Researchers found that the TME of GEACs displayed heterogeneity, with EACs exhibiting a higher abundance of immune suppressive cell populations like monocytic myeloid-derived suppressor cells (mMDSC) compared to GACs (P<0.001).

Conversely, GACs showed a proinflammatory microenvironment featuring elevated frequencies of proliferating (Ki67+) CD4 Th cells (P<0.001), Ki67+ CD8 T cells (P=0.002), and CD8 effector memory-T cells (P=0.024). This contrast between EACs and GACs was corroborated by mIHC analyses, which demonstrated lower densities of tumor- and stroma-infiltrating Ki67+ CD8 T cells in EAC compared to GAC (both P=0.021).

The study concluded that tumors in the esophagus exhibit more immune suppressive features than those in the gastro-esophageal junction or stomach, potentially elucidating the location-specific responses to checkpoint inhibitors in this disease.

These findings underscore the importance of stratifying clinical studies based on tumor location and developing location-dependent immunomodulatory treatment approaches.

The study was sponsored by the Dutch Cancer Society, the Netherlands Organization for Scientific Research, and the Oncode Institute. The gastric samples were partly collected in a study funded by the European Union’s Horizon (825823) 2020 research and innovation program.
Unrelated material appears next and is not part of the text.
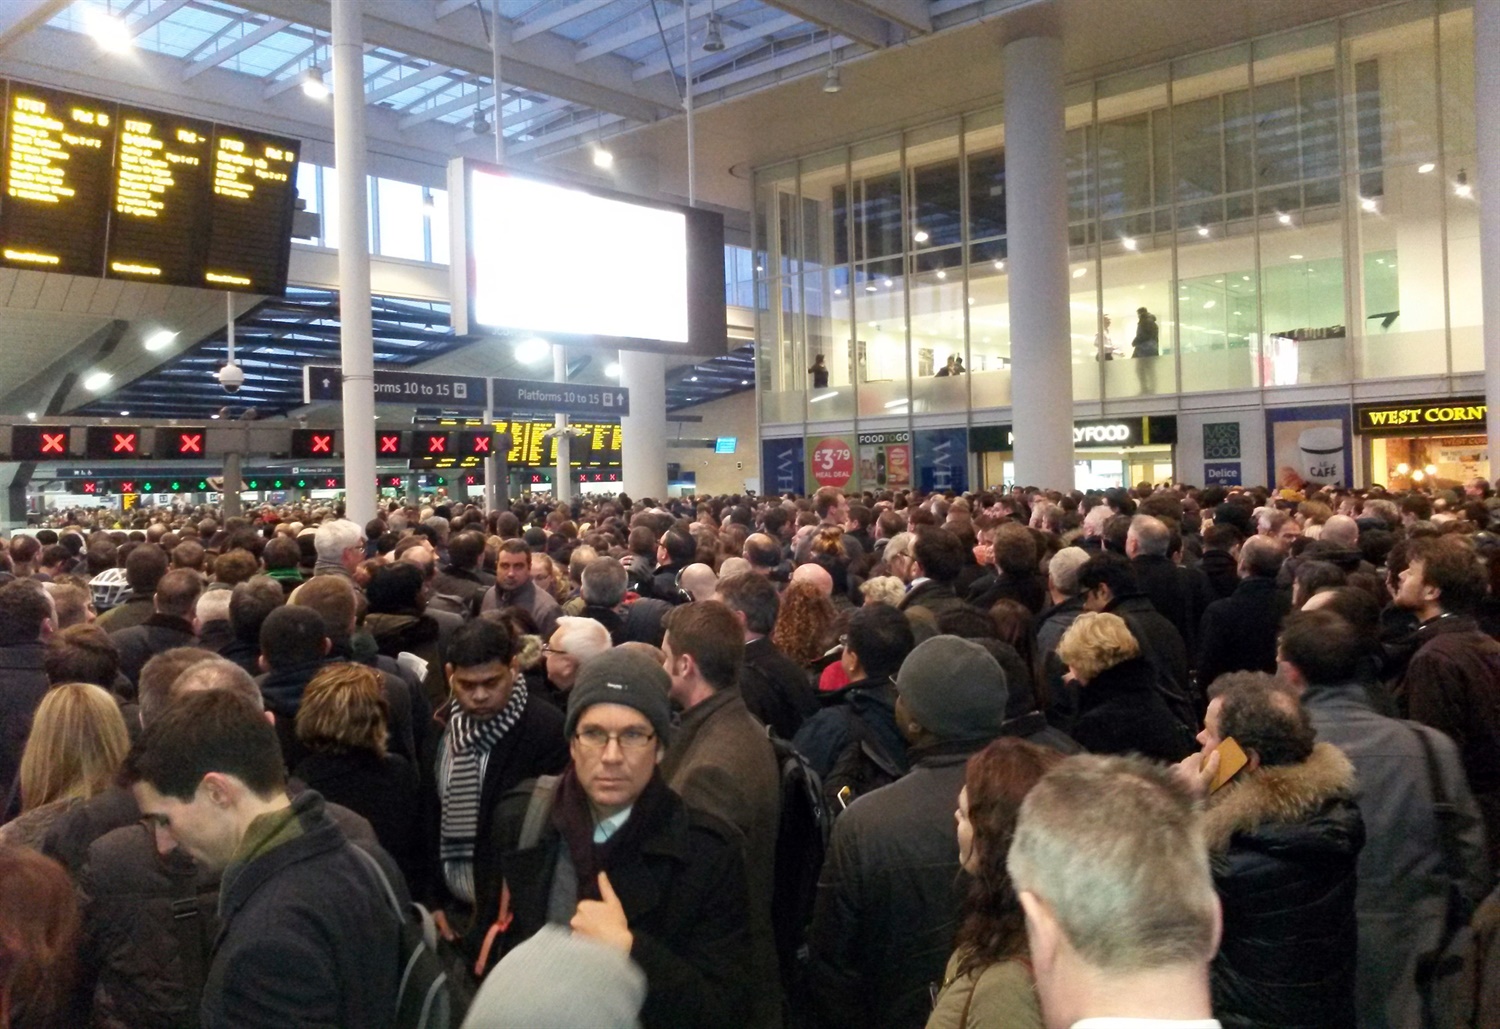 DfT confirms it will not implement overcrowding limits on busy services

Source: https://pubmed.ncbi.nlm.nih.gov/38638445/

Groen-van Schooten TS, Harrasser M, Seidel J, et al. (2024). “Phenotypic immune characterization of gastric and esophageal adenocarcinomas reveals profound immune suppression in esophageal tumor locations.” Front Immunol. 2024 Apr 4;15:1372272. doi: 10.3389/fimmu.2024.1372272. PMID: 38638445; PMCID: PMC11024289.